In a sign of the times, Regeneron Pharmaceuticals—whose antibody cocktail REGEN-COV once helped form the vanguard of COVID-19 therapeutics—has axed a clutch of trials weighing the med across a range of patients and clinical stages. The move comes about half a year after the FDA pulled the cocktail from the market after data suggested its efficacy had waned in the face of the surging omicron variant.

It’s a fate shared by a number of early-pandemic therapeutics, which have largely fallen by the wayside in the U.S. as the virus swiftly evolves.

Now, Regeneron has terminated four clinical trials of REGEN-COV, comprising the monoclonal antibodies casirivimab and imdevimab.

Those studies include REGEN-COV as a treatment in high-risk patients younger than 12 years old, plus a prevention study in immunocompromised teens and adults. Regeneron also put the kibosh on a study of REGEN-COV as a treatment for kids hospitalized with COVID-19 and as a treatment for non-hospitalized patients, according to the federal clinical trial database clinicaltrials.gov.

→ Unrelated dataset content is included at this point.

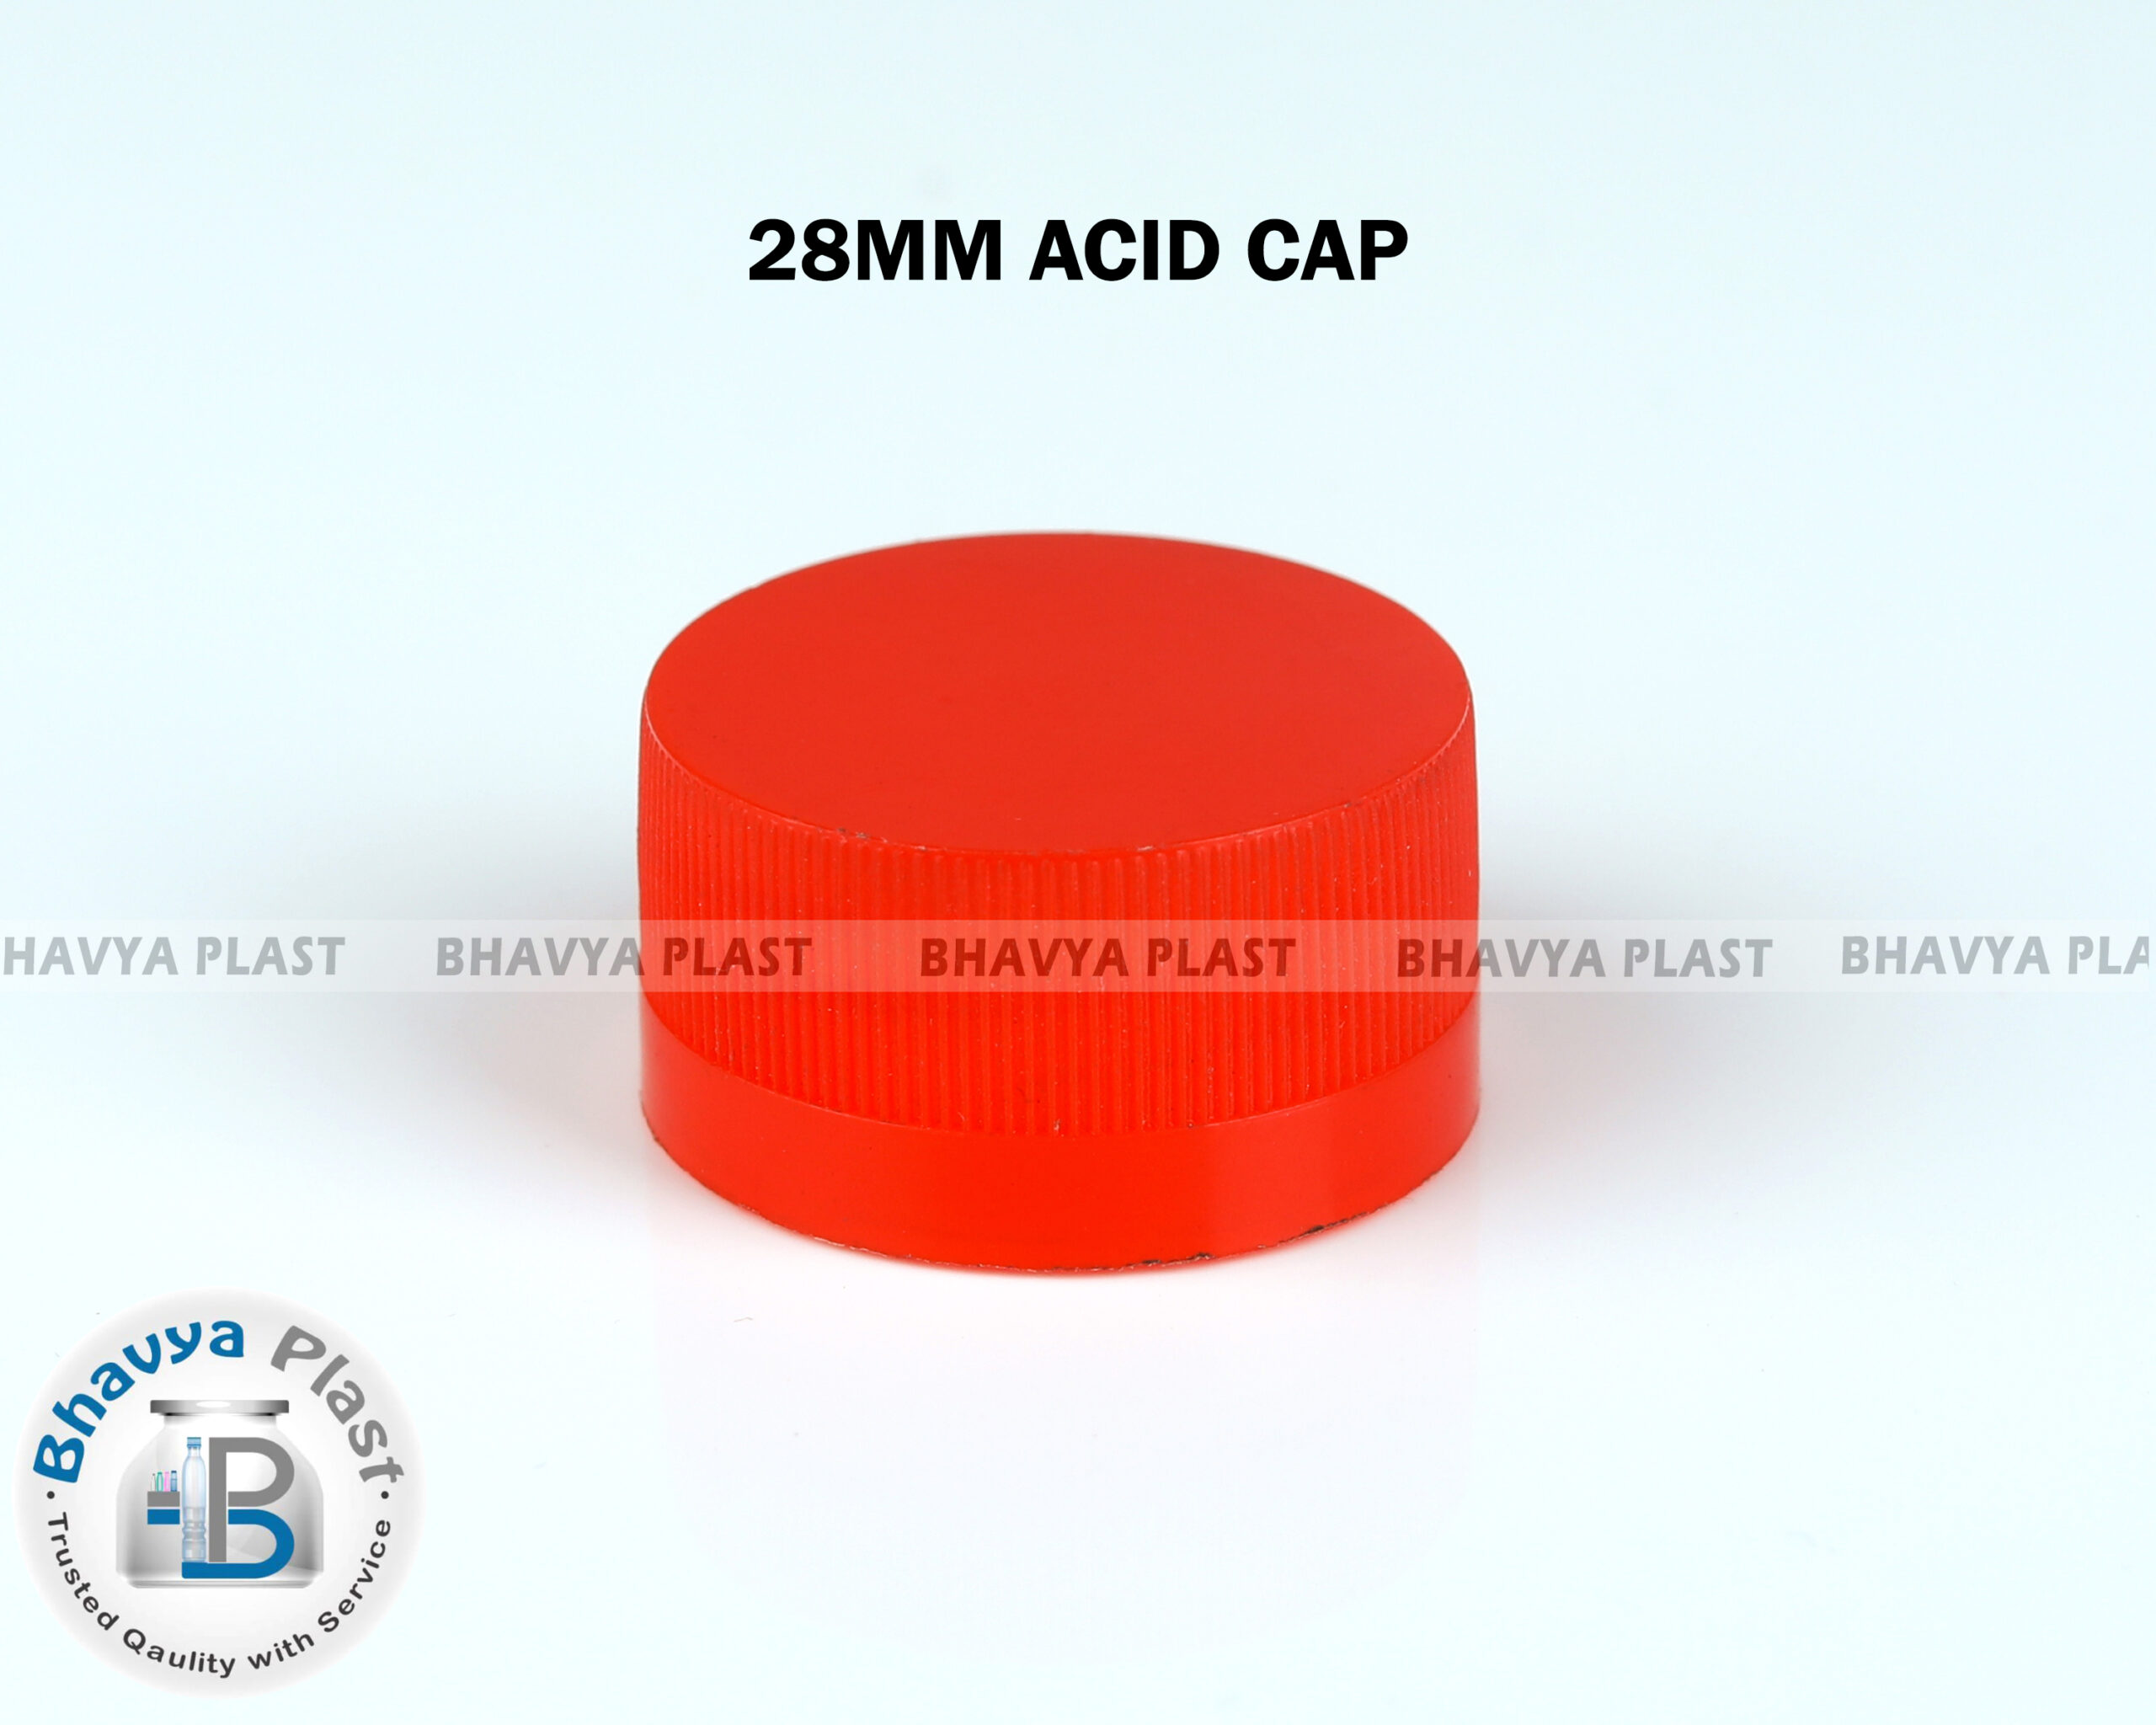 28MM ACID CAP - Bhavya Plast
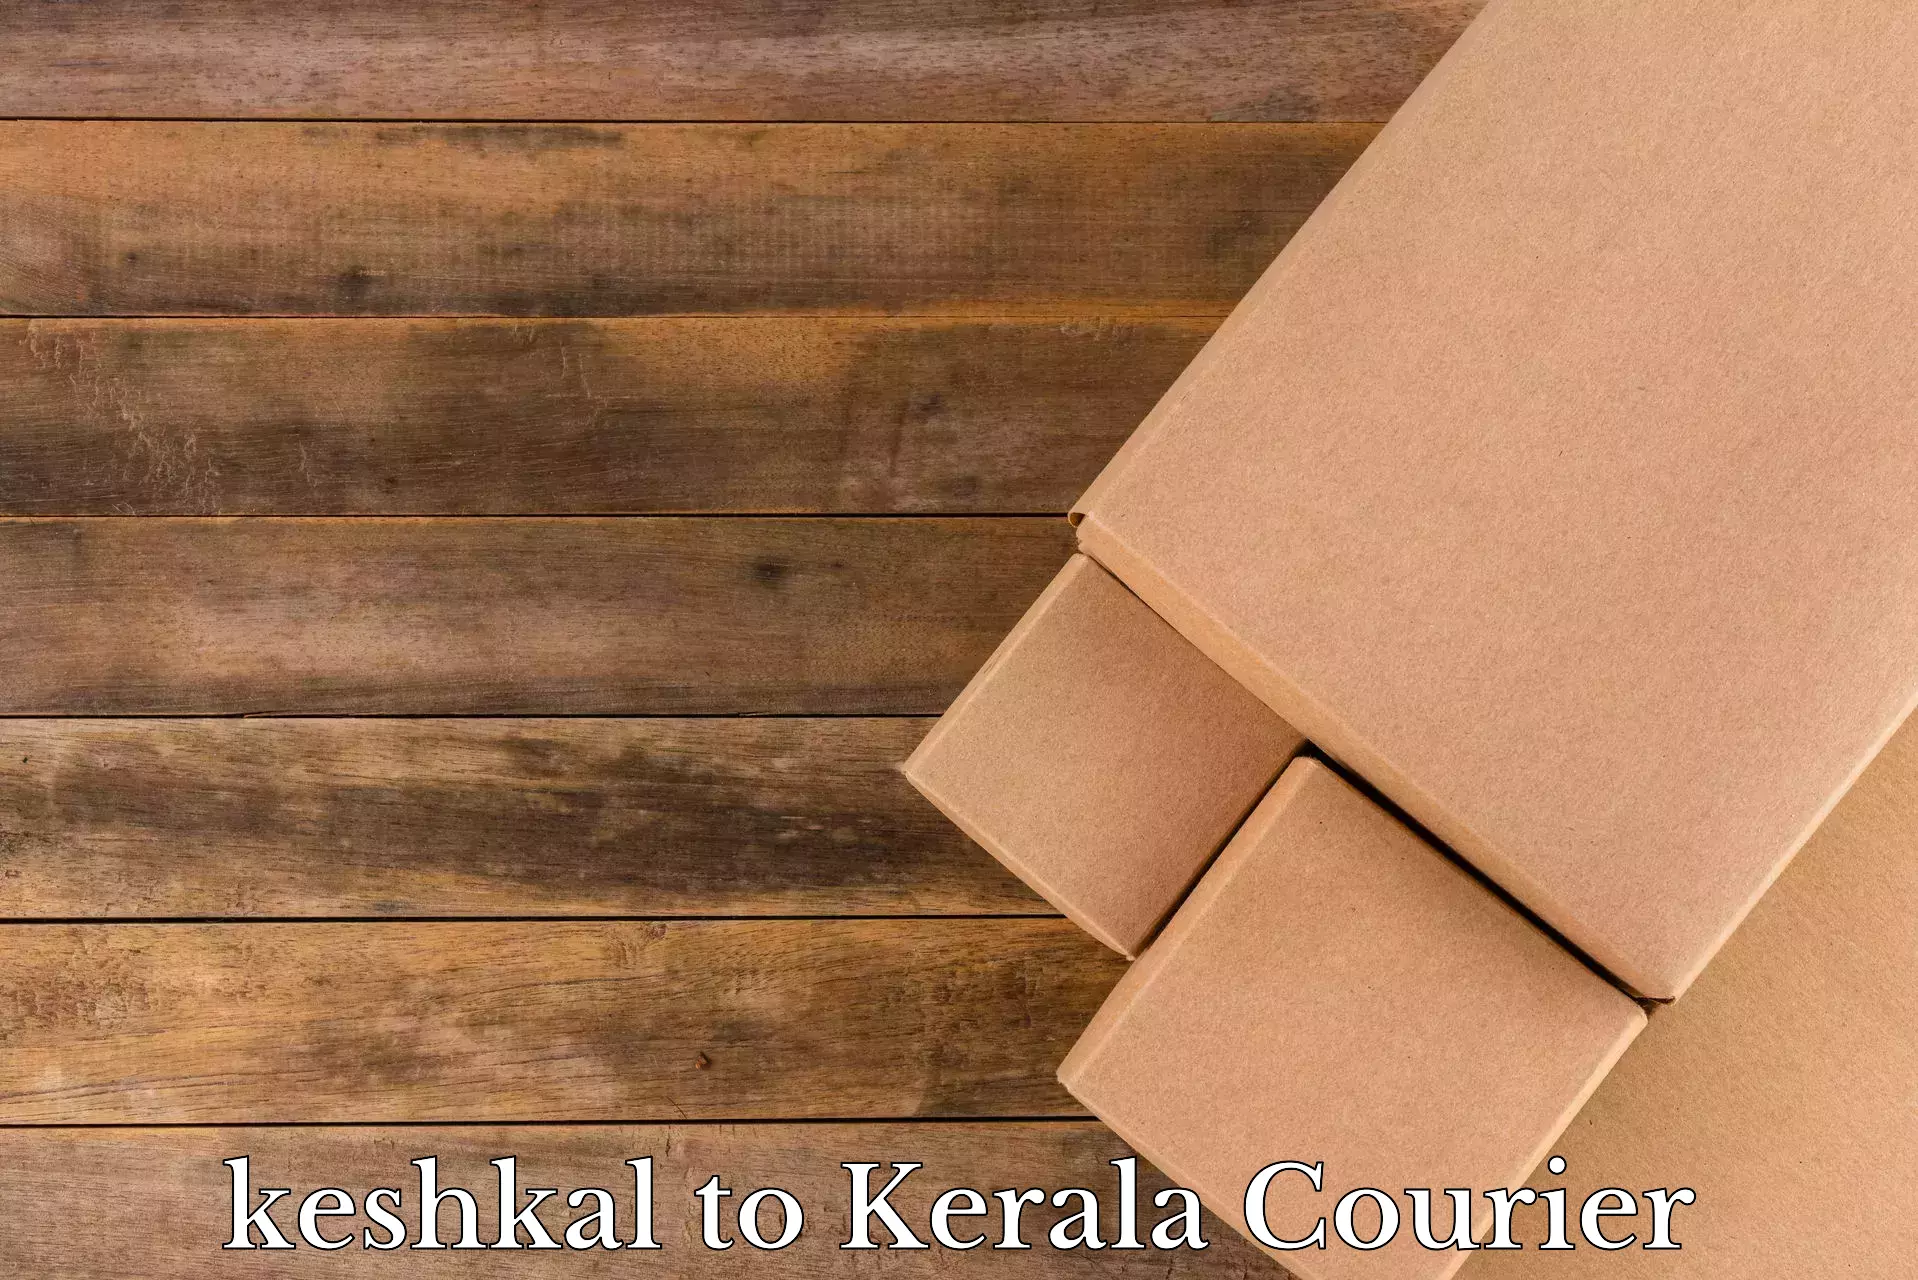 Home shifting experts keshkal to Kozhikode

The company terminated the trials, which ranged from early to late stage, because of “[e]merging SARS-CoV-2 variants impacting susceptibility to study drug,” recent updates on clinicaltrials.gov state.

Regeneron’s REGEN-COV shares the fate of several earlier COVID-19 drugs, including antibody peers sotrovimab from GSK and Vir Biotechnology, plus the combination of bamlanivimab and etesevimab developed by Eli Lilly.

In late January, the FDA said it was trimming the emergency use authorizations (EUAs) for Regeneron and Eli Lilly’s antibody cocktails, at the time limiting the therapies to patients who’d been infected with or exposed to a variant susceptible to the treatments.

On the FDA’s online roster of pandemic emergency use authorizations, the regulator states that both Regeneron’s REGEN-COV and Lilly’s bamlanivimab and etesevimab are “not currently authorized in any U.S. region,” and therefore, “may not be administered for the treatment or post-exposure prevention of COVID-19.”

In terms of COVID therapeutics still on the U.S. market, Pfizer’s antiviral Paxlovid is largely dominating the scene, trailed by Merck’s rival pill Lagevrio.

In February, the FDA also gave an emergency nod to Eli Lilly’s solo antibody bebtelovimab to treat mild-to-moderate COVID-19 in adults and kids ages 12 and older at high risk of progressing to severe disease. Lab tests found Lilly’s mAb retained activity against both the omicron variant and the BA.2 omicron subvariant, the FDA noted in its approval announcement earlier this year.

Currently, Pfizer’s antiviral, much like its BioNTech-partnered vaccine Comirnaty, reigns supreme on the therapeutic sales front. In the second quarter of 2022, Paxlovid pulled down revenues of $8.1 billion, Pfizer said in a recent earnings release. The company stuck by Paxlovid sales predictions of $22 billion for the full year.

Merck’s Ridgeback-partnered pill Lagevrio, also known as molnupiravir, generated just $1.2 billion in the second quarter, coming off a $3.2 billion high during the first three months of the year.